The Lodge was magical. All the walls and ceiling were covered in knotty pine. There were pinball machines in there and some tables and, on the far wall, above the pool table, there was a stuffed muskie so big it looked like it could have eaten our pet dachshund, Tina.
And there was a bar with a sign above it that said, “From the Land of Sky Blue Waters” and the blue water in that sign really did dance.
Underneath the sign, behind the bar, there was a stout, tough-looking guy wearing a white t-shirt and blue jeans. His black hair was slicked back with more than a little dab of Brylcreem.
This was Bob, also known as “Bob the Bear.”
Bob was the owner of the resort. He was from “Up North” and, in all the years we would come to Rock Springs Resort, I never once saw Bob ever come out from behind that bar.
Never.
I was given an ice cream sandwich out of the refrigerated cooler in the entryway and allowed to sit at the bar. I sat there on my barstool, elbows on the bar, gnawing on that ice cream sandwich and just taking it all in.
There were pictures behind the bar of guys with really big fish and big stringers of fish and packages of hooks and bobbers and Daredevels and mosquito repellant and toothpaste and foot powder and just about everything anyone could ever need for a wonderful Up North vacation.
And, then, suddenly, Bob was right in front of me.
“Hey kid,” said Bob in a voice like gravel.
“H-hey,” I said as a droplet of ice cream ran down my thumb.
Bob eyed the ice cream, bar rag poised to wipe it away should it fall to bar.
I quickly licked it off my thumb.
Bob grunted and turned slightly to walk away.
“Ummm, hey Bob,” I said. “Are there like a lot of bearrrrss up here, huh Bob?”
Bob turned back to face me.
“Yeah, kid. We got some bears here.”
My eyes grew wide.
“Um. Gee, Bob, and does anyone ever get, like, you know, hideously mauled by a bear up here? Huh, Bob?”
I stuffed the last of the ice cream sandwich in my mouth.
Bob eyed me for a moment, wiped his hands with the bar rag and said, “No kid. All we got here is little black bears. They all hang out down at the dump, eatin’ garbage.”

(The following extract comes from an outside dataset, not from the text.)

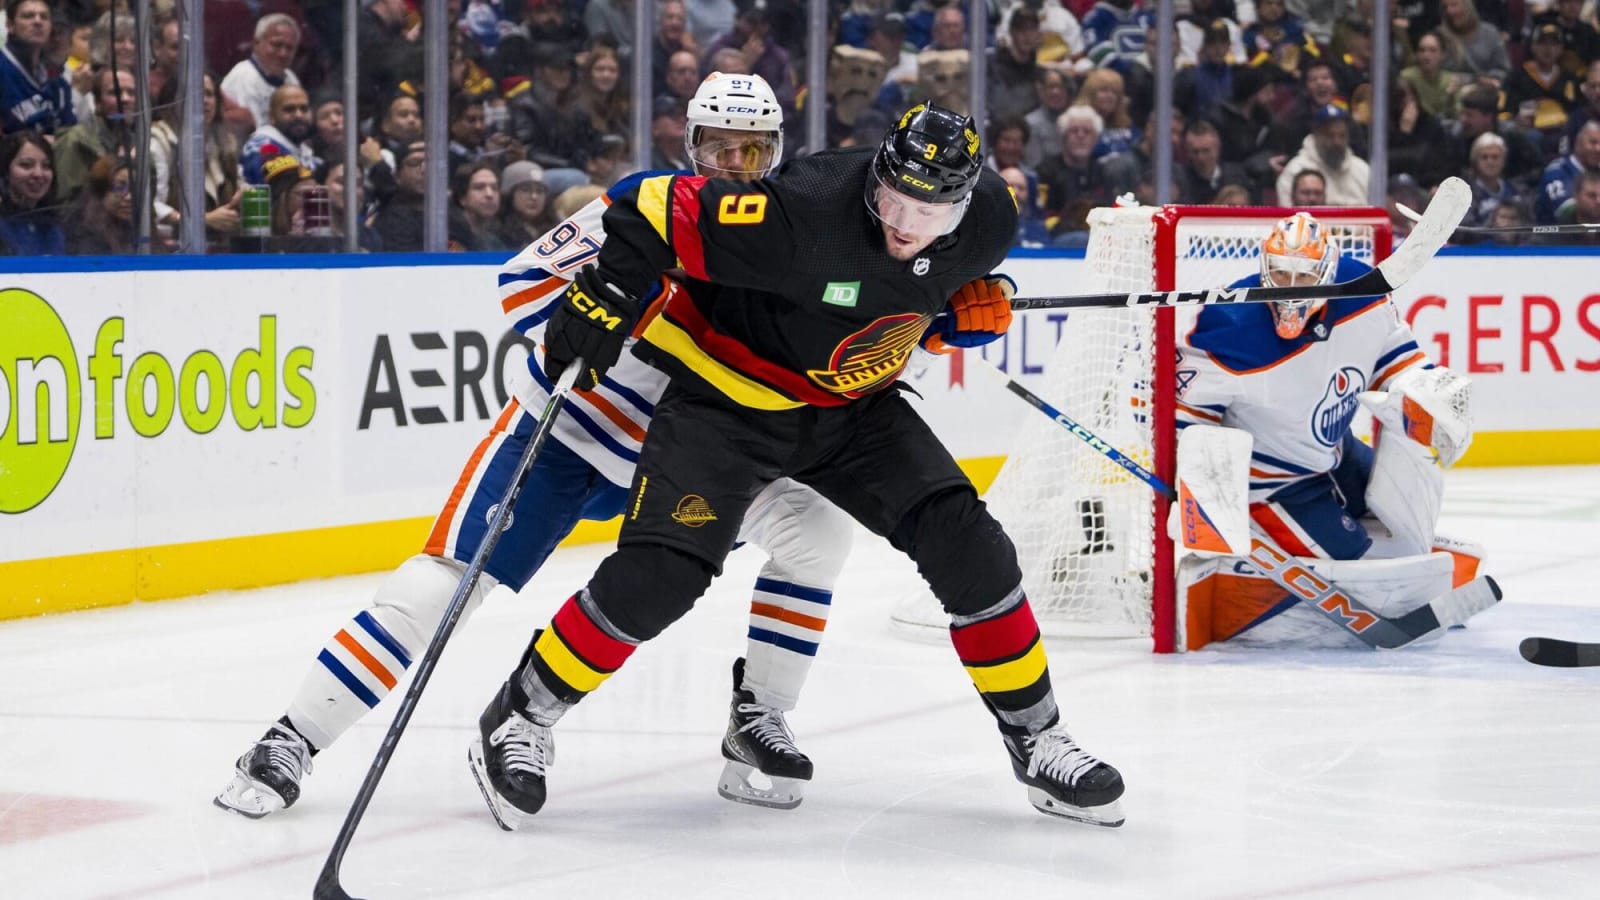 Where the Vancouver Canucks have an advantage over the Edmonton Oilers

I swallowed the last of the ice cream sandwich in one gulp as Bob pointed a stubby sausage finger at me.
“Now, if you wanna be afraid of sumthin’, kid, you be afraid of a moose, cuz a moose will KILL you!”
And Bob turned and walked away from me.
All these years later, I realize Bob was right. We choose what we will be afraid of. Our fears and our phobias and the things that eat us like an ice cream sandwich are things that we feed and grow within us.
Back then, it was kind of fun to be afraid of bears. It was even fun to scare other people by saying you had seen a bear hiding behind this tree or that tree and see them react in fear.
But the song by Zach Williams they play on Kinship Christian Radio is right:
Oh, fear he is a liar
He will take your breath
Stop you in your steps
Fear he is a liar
He will rob your rest
Steal your happiness
Fear may trample you like a moose, or paralyze you like a roaring lion.
But it will kill you spiritually because it kills your praise for the only one who is worthy of your praise. It eats up your confidence, your faith, in the one who said He will never leave you or forsake you, of the one who said no one could ever snatch you out of His hand, of the one who said, over and over again, “Do not be afraid.”
Today’s Praise
“Your servant has struck down both lions and bears, and this uncircumcised Philistine shall be like one of them, for he has defied the armies of the living God.”1 Samuel 17:36 ESV (The words of David, right before he faced and killed the giant, Goliath.)